┌─ RAW DATA

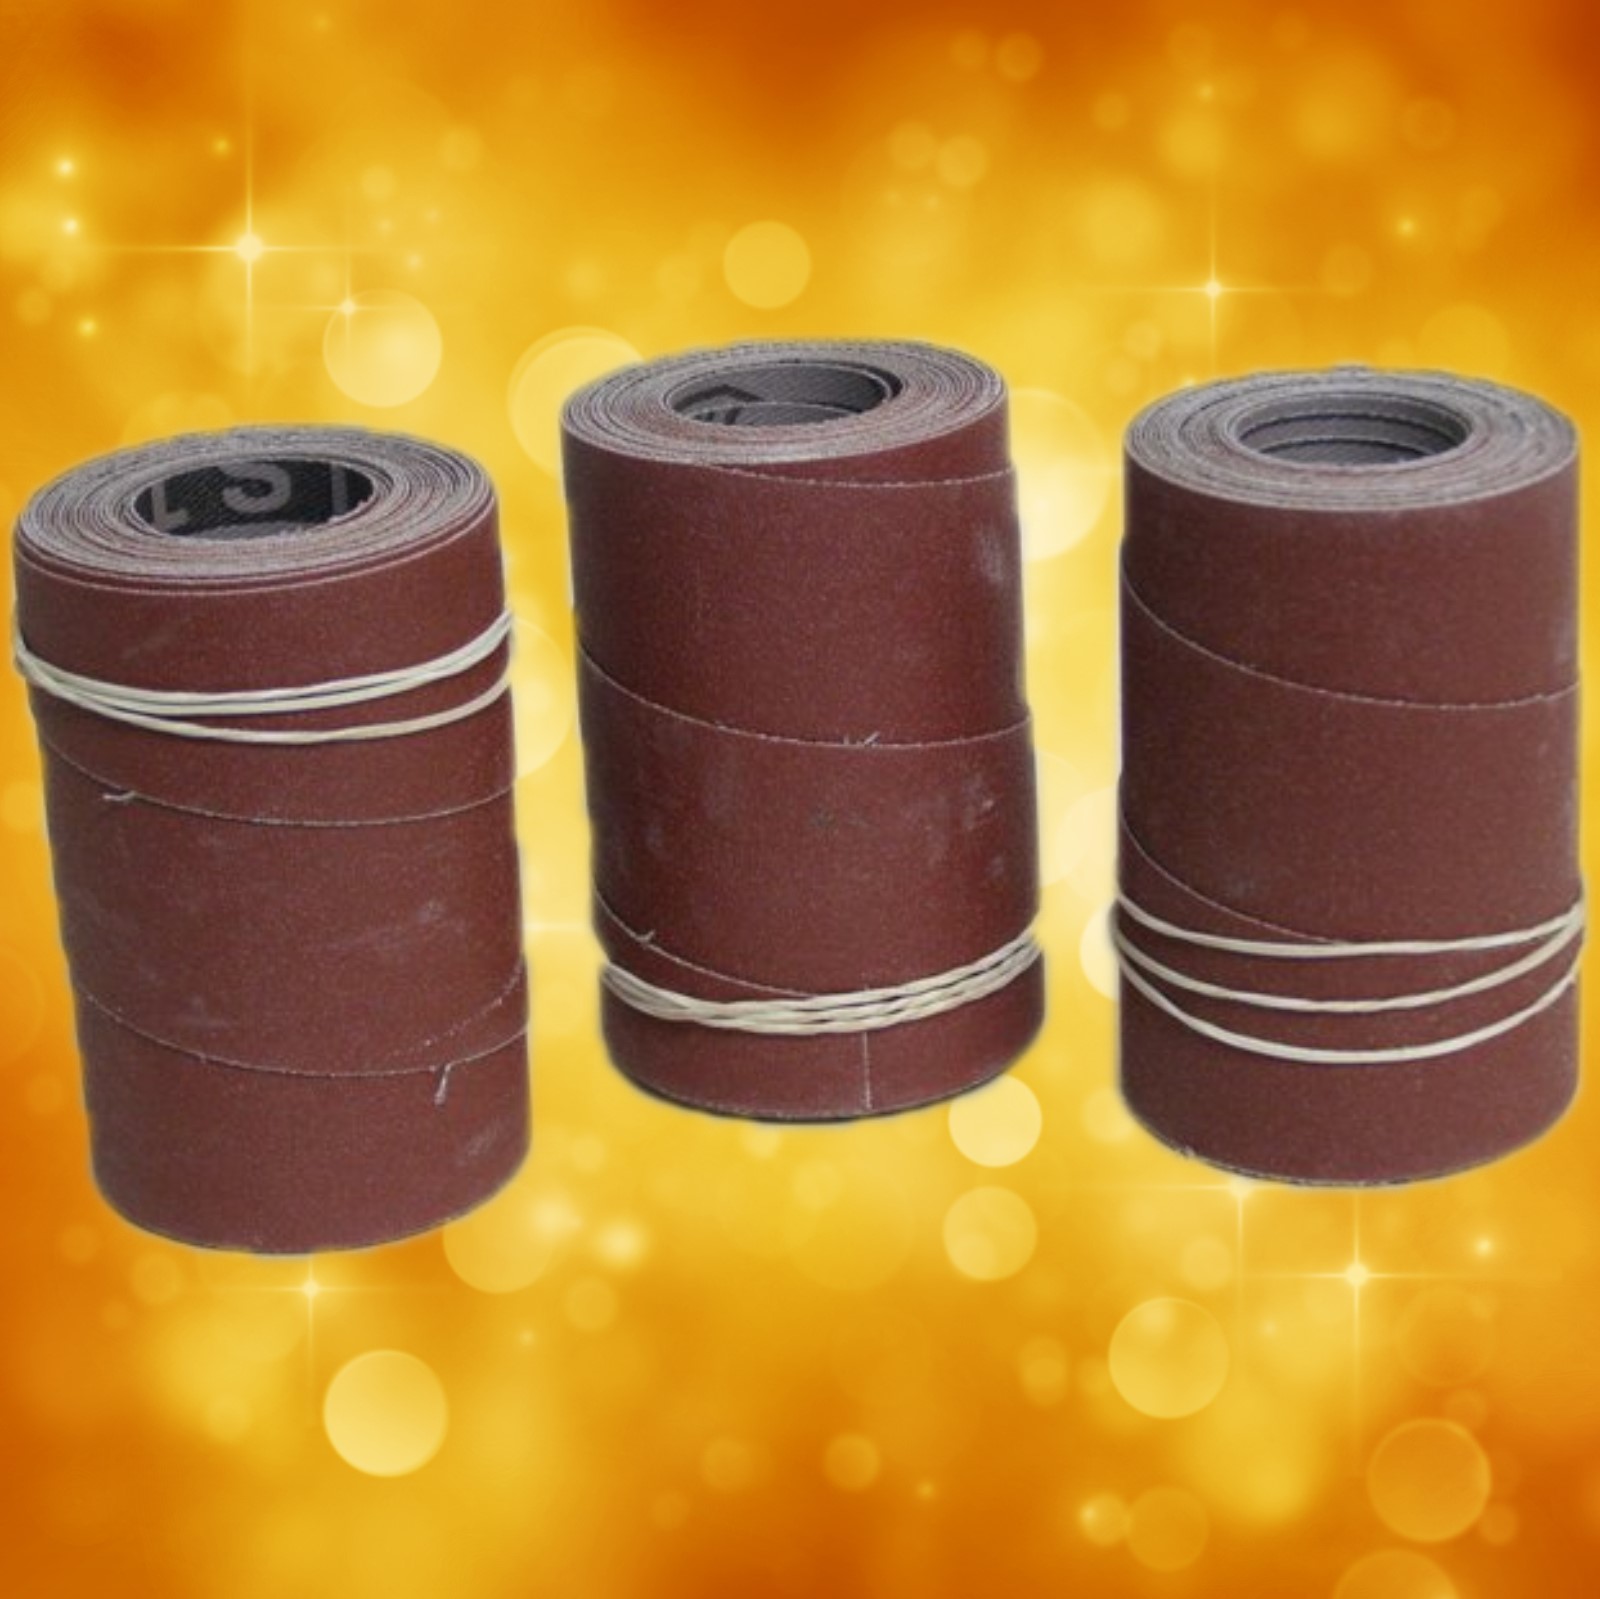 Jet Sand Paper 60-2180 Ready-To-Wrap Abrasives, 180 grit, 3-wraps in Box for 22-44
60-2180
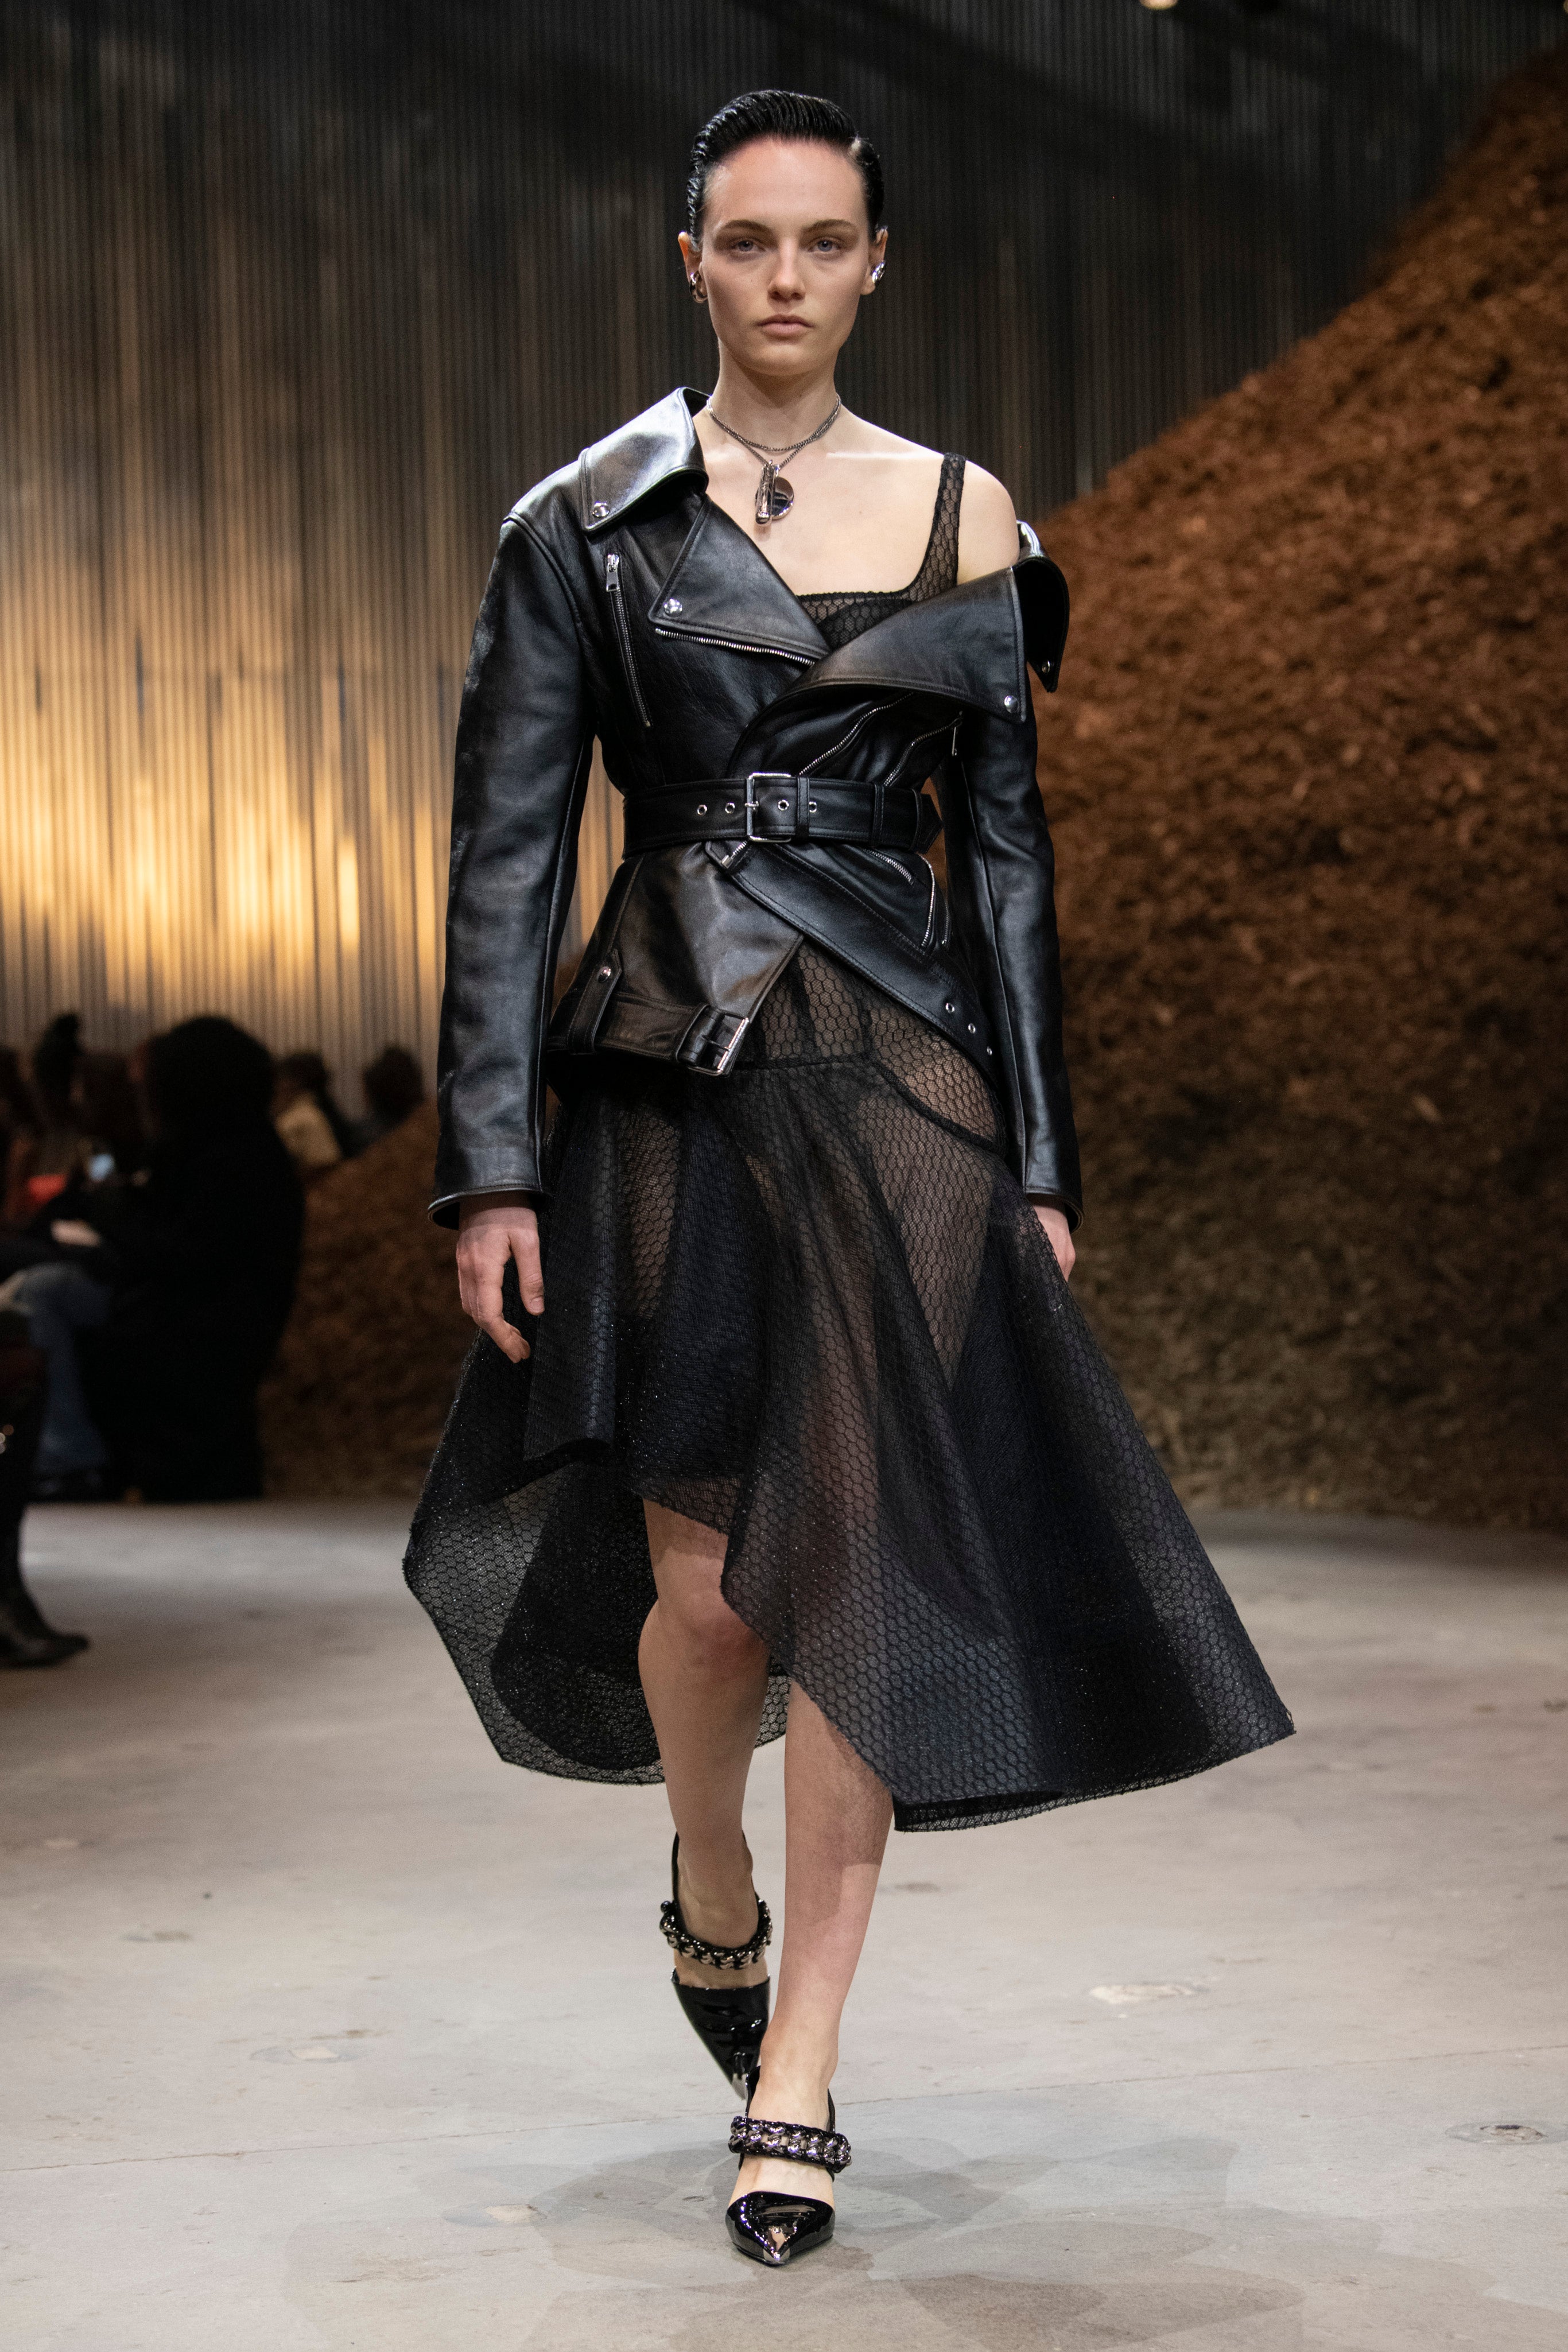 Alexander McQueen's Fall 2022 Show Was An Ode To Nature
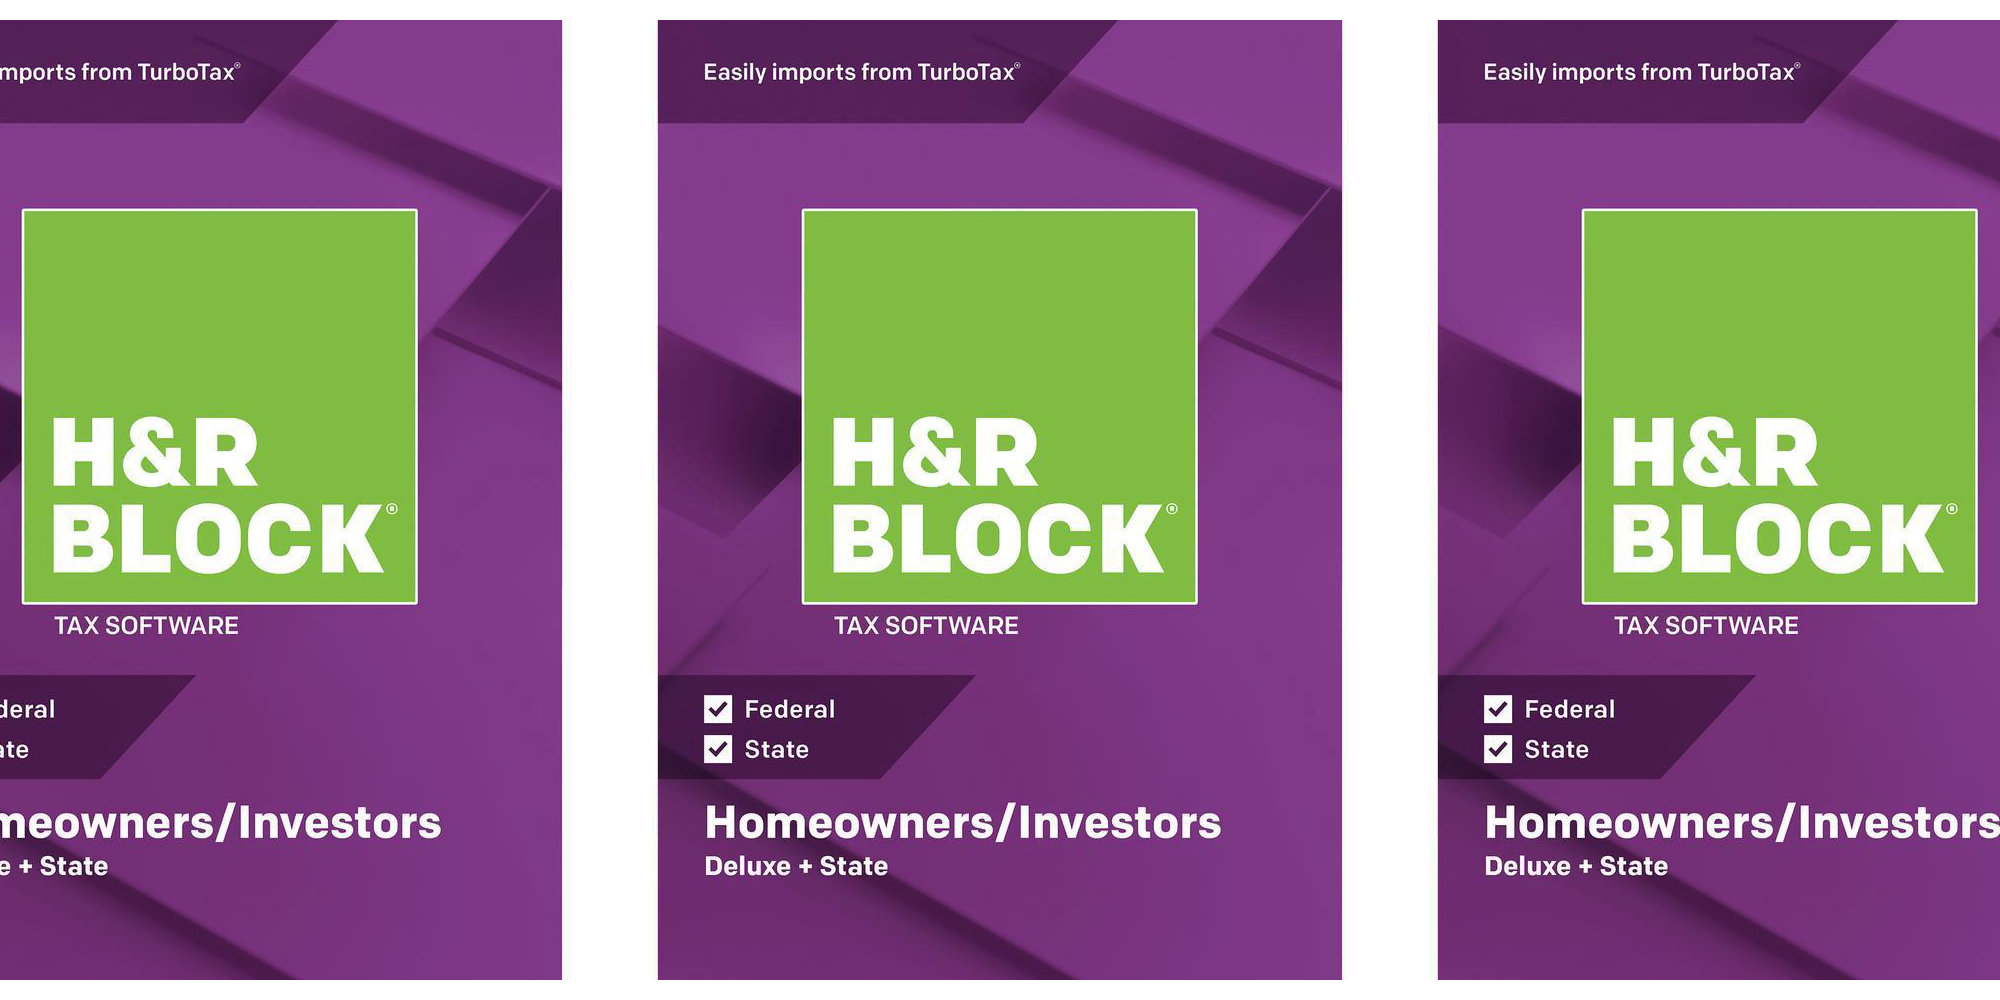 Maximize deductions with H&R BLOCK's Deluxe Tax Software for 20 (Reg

└─

All of the material above is to be copied exactly, with no pictures.

— COMPLETED TASK —
 Jet Sand Paper 60-2180 Ready-To-Wrap Abrasives, 180 grit, 3-wraps in Box for 22-44
60-2180
 Alexander McQueen's Fall 2022 Show Was An Ode To Nature
 Maximize deductions with H&R BLOCK's Deluxe Tax Software for 20 (Reg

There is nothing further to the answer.